Capitolo 12
Nel capitolo attuale e in quelli seguenti (13-15), espone quale deve essere la risposta degli uomini all’iniziativa divina, dopo aver riconosciuto la sua misericordia così sorprendente.
1Vi esorto dunque, fratelli, per la misericordia di Dio, a offrire i vostri corpi come sacrificio vivente, santo e gradito a Dio; è questo il vostro culto spirituale.

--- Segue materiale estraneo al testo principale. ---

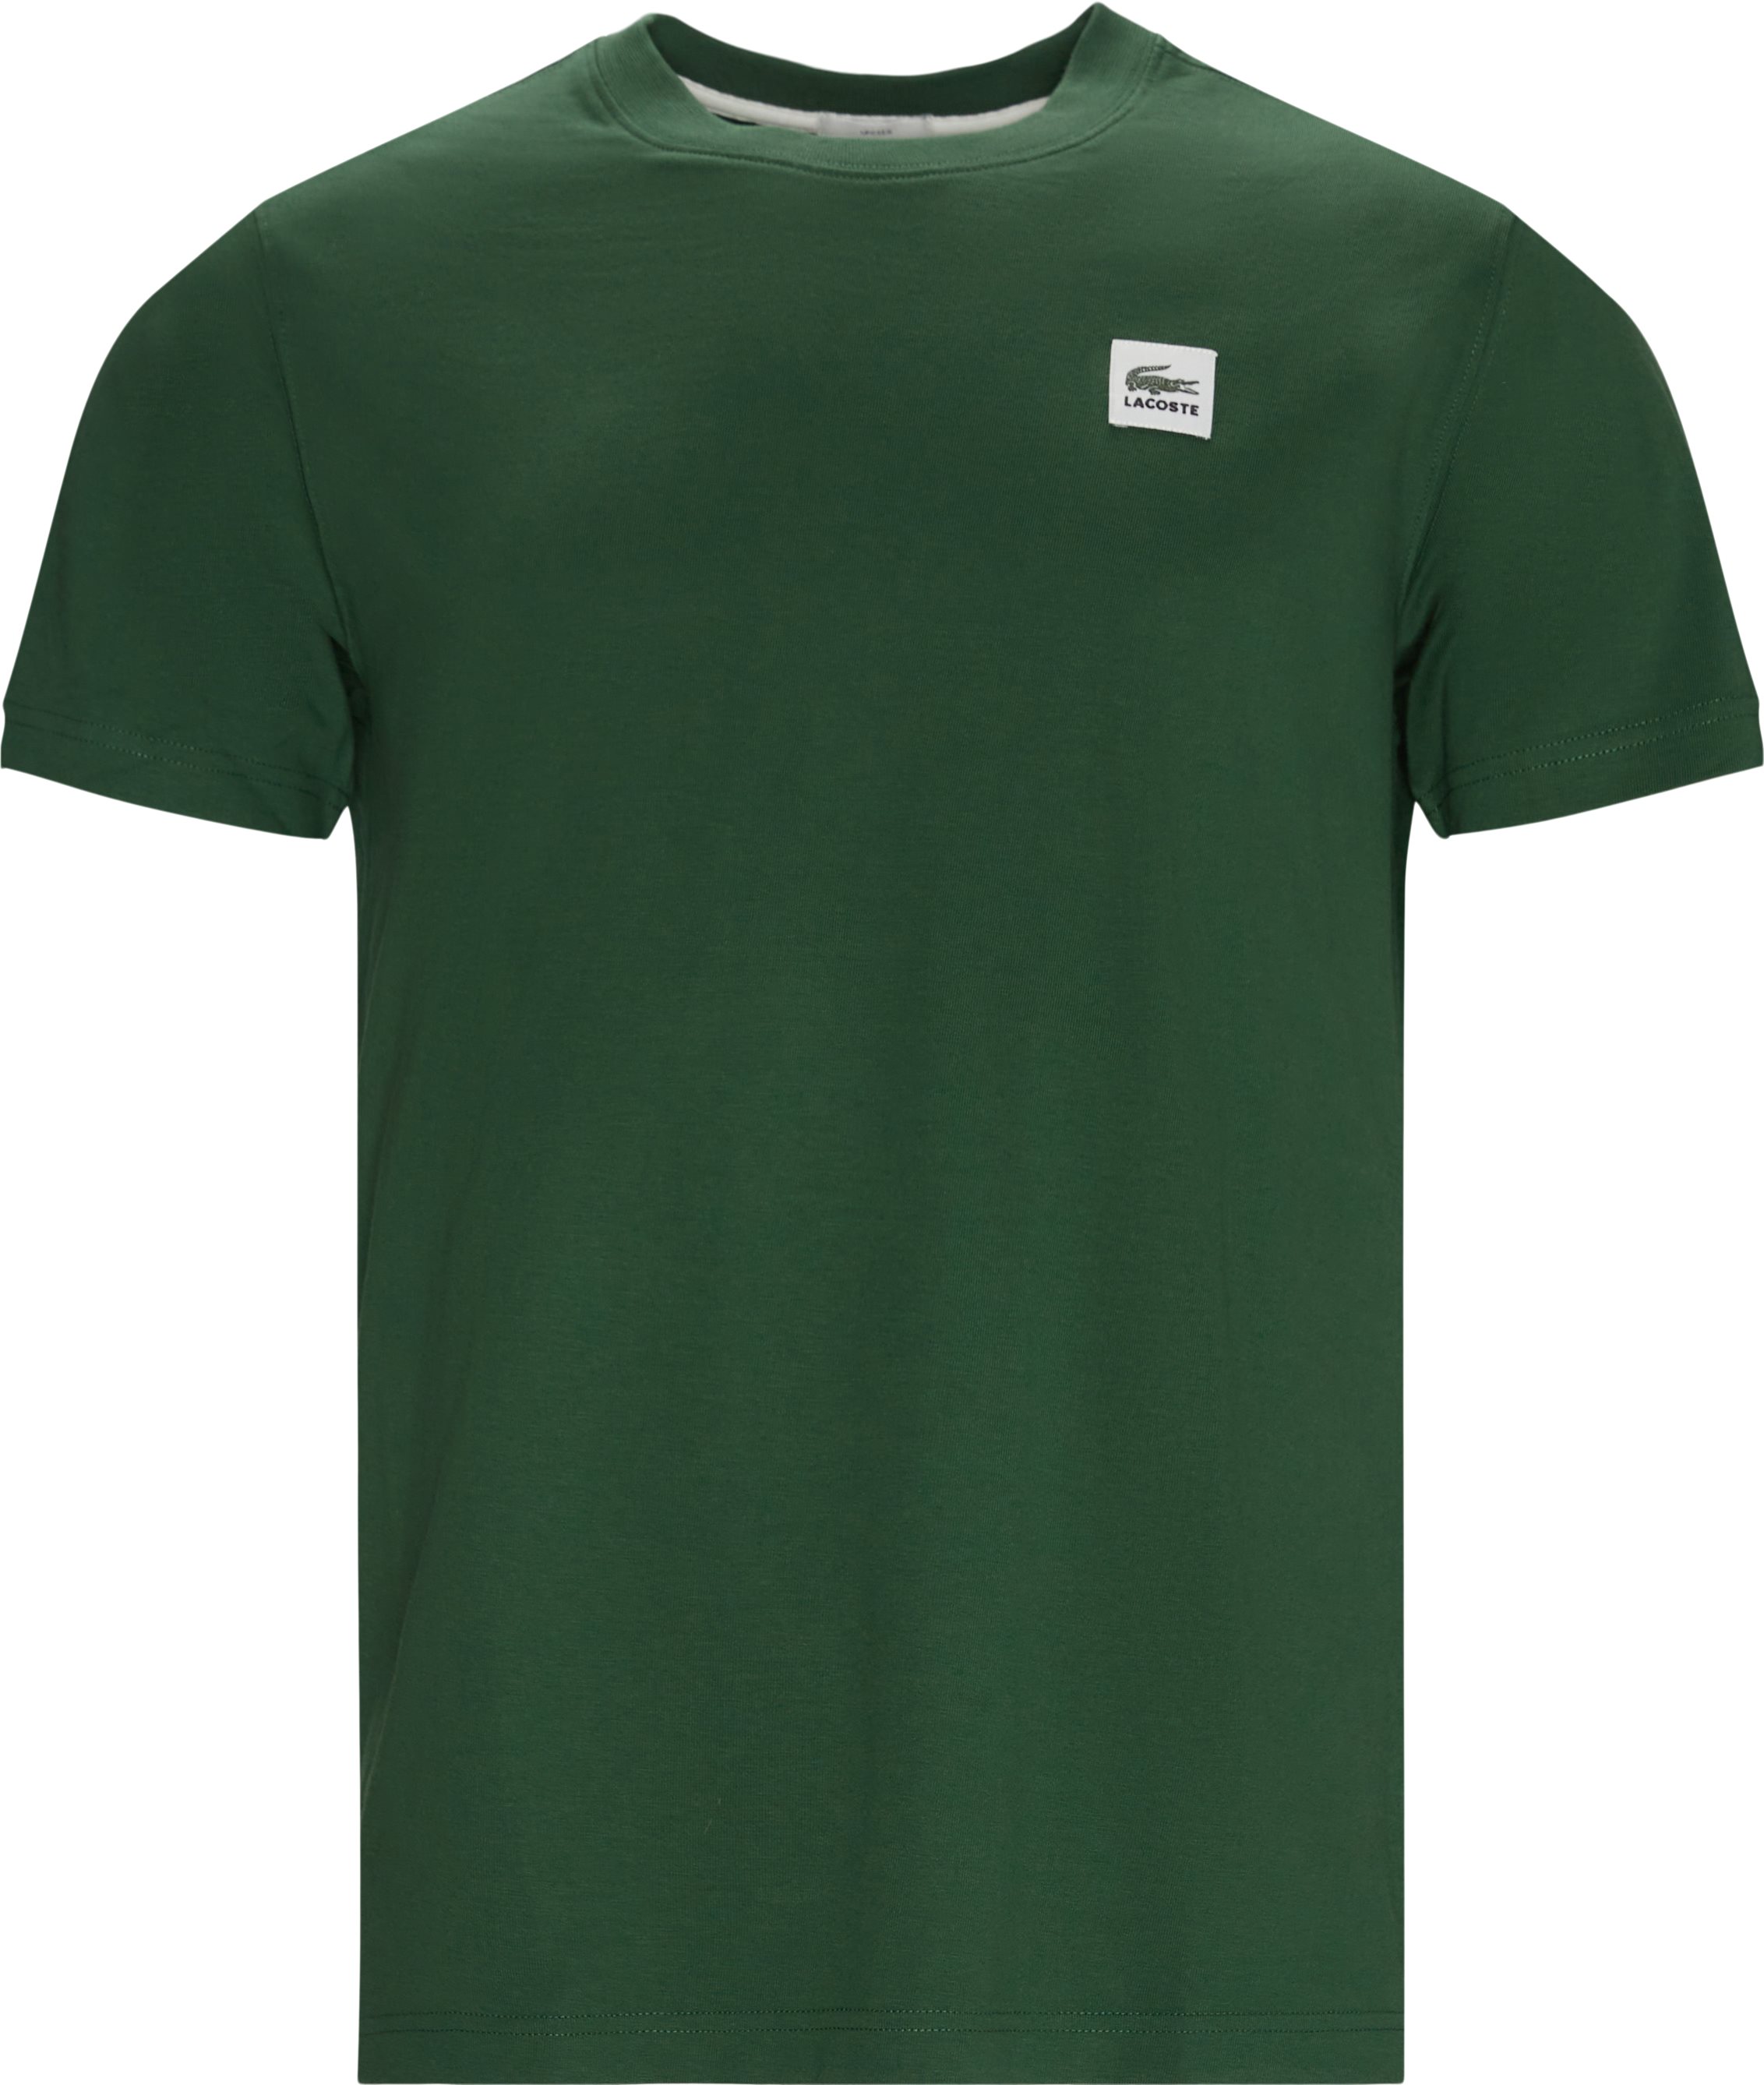 Logo Tee - T-shirts - Regular fit - Green

Paolo comincia rievocando la misericordia divina. Parakalò: chiedo a voi, vi supplico, vi incoraggio ad accogliere le conseguenze pratiche di quanto vi ho annunciato riguardo all’agire di Dio. Avete ora la possibilità di offrirvi a lui in dono, imitando la sua carità. Nel loro culto, i pagani e gli ebrei offrono dei sacrifici di cose o di animali, mentre Dio chiede che la vostra vita diventi un atto di culto. «Sacrificio e offerta non gradisci, gli orecchi mi hai aperto, non hai chiesto olocausto né sacrificio per il peccato. Allora ho detto: Ecco, io vengo. Nel rotolo del libro su di me è scritto di fare la tua volontà: mio Dio, questo io desidero; la tua legge è nel mio intimo» (Sal 40,7-9). «Chi osserva la legge vale quanto molte offerte; chi adempie i comandamenti offre un sacrificio che salva. Chi ricambia un favore offre fior di farina, chi pratica l’elemosina fa sacrifici di lode. Cosa gradita al Signore è tenersi lontano dalla malvagità, sacrificio di espiazione è tenersi lontano dall’ingiustizia» (Sir 35,1-5).

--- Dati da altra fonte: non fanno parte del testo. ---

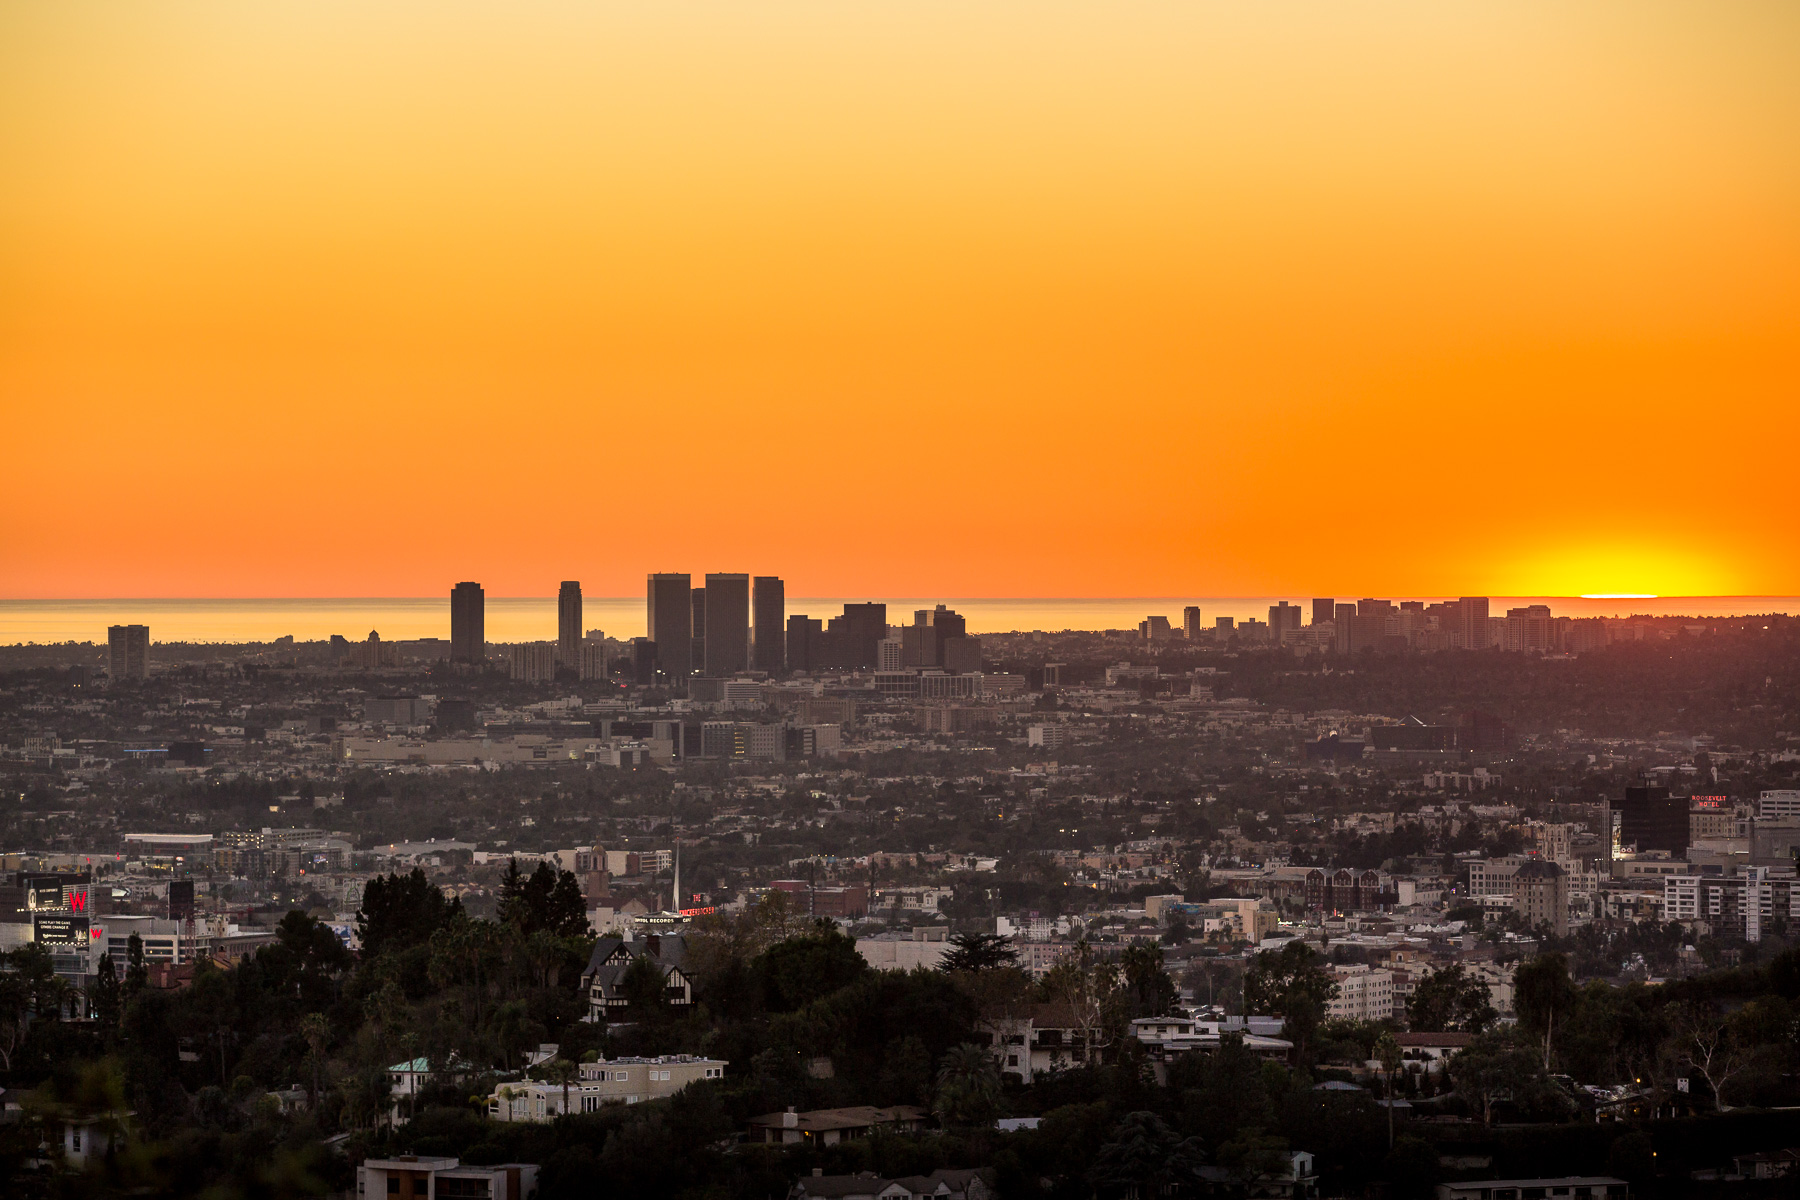 Flat Earth - Los Angeles, CA

«Dopo aver parlato a lungo della generosità di Dio e aver mostrato la sua infinita bontà, che nessuno può sondare, la ripropone per spingere coloro che hanno ricevuto tanti doni e tanti benefici a rendersene degni con la loro condotta. Offrite i vostri corpi come sacrificio vivente, santo e gradito a Dio, affinché il vostro culto sia spirituale. Come può il corpo essere offerto in sacrificio? Non fissi il tuo occhio nulla di male e diventerà un sacrificio; non pronunci nulla di iniquo e diventerà un'offerta; non faccia nulla di contrario alla legge e diventerà un olocausto. Questo non basta ma dobbiamo aggiungervi la pratica delle buone opere, affinché la mano faccia l'elemosina, la bocca ricambi con benedizioni le maledizioni e l'orecchio si applichi diligentemente all'ascolto della parola di Dio. Il culto ebraico [del tempio] presentò a Dio un corpo morto [quelo degli animali sacrificati] mentre il nostro culto rende più vivo ciò che viene immolato, perché è mortificando le nostre membra che possiamo vivere. Quando Elia offrì una vittima visibile, una fiamma discesa dal cielo consumò tutto (l'acqua, la legna, persino le pietre) quanto più accadrà lo stesso a te. Se hai ancora qualcosa di carnale, ma presenti il culto con cuore retto, il fuoco dello Spirito scenderà, consumerà tutto questo e completerà il sacrificio» (CLR 21,1).
2Non conformatevi a questo mondo, ma lasciatevi trasformare rinnovando il vostro modo di pensare, per poter discernere la volontà di Dio, ciò che è buono, a lui gradito e perfetto.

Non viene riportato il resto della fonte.